Cash management services are seen as an add-on to the production cycle rather than an integrated service. Banks need to think of applying typical manufacturing practices like just-in-time and greater technological integration of systems and data to make the user experience smoother. Let us look at some places where banks can aim for such integration in cash management services.

  1. Limit processing – A lot of current cash management services offer a fixed limit for guaranteed funding or post-dated cheque discounting which does not take into account business cycles such as peak, slack and average production periods. Banks should strive to provide a limit-monitoring system whereby corporates can avail of additional limits under the right business circumstances. The limits can be algorithmically determined by taking into account the transaction volumes, quality of the stakeholders in the accounts receivables book and track record. This integrates the risk-monitoring process into the operations of the corporate.

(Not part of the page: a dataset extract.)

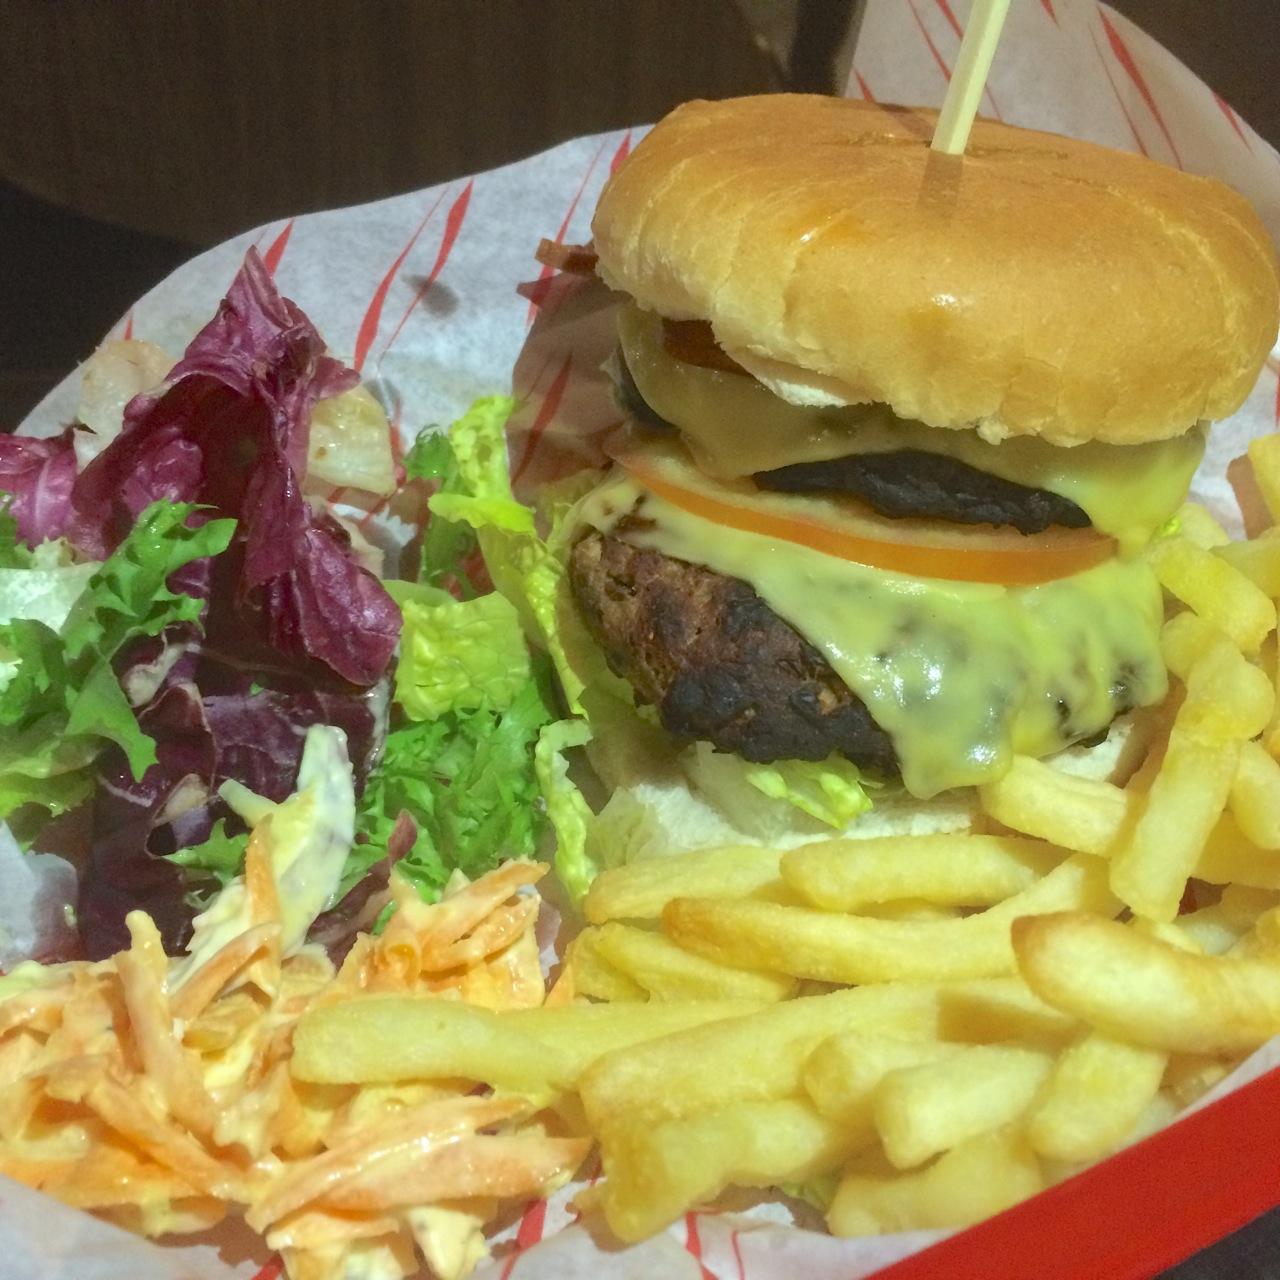 http://i2.wp.com/fatgayvegan.com/wp-content/uploads/2016/01/burger.jpg?fit=1280%2C1280

  1. Application integration – Corporates would like their internal systems to be integrated with the bank so that they do not need to use electronic banking (EB) terminals to login and transmit data. Integration in the background should ensure that once the data is authorized in the corporate systems and the transaction is saved in the corporate system, it should automatically be transmitted to the bank directly without having to use any EB terminal. Similarly, status updates should move back into the corporate systems from the bank without any visible manual intervention.
  1. Stakeholder relationships – Corporates have stakeholder relationships which are driven by service level arrangements, especially regarding discharge of commercial obligations. Banks need to work closely with the corporates to make sure that they have the infrastructure and personnel to adhere to these service level agreements.


As basic cash management becomes established and even common, banks have to strive to provide the next level of cash management services in order to differentiate themselves. This requires them to take a holistic view of the corporate balance sheet and look at all the services they can offer to the corporate across the various line items. Further, these services have to be integrated into corporate operations to provide all participants a seamless transacting experience.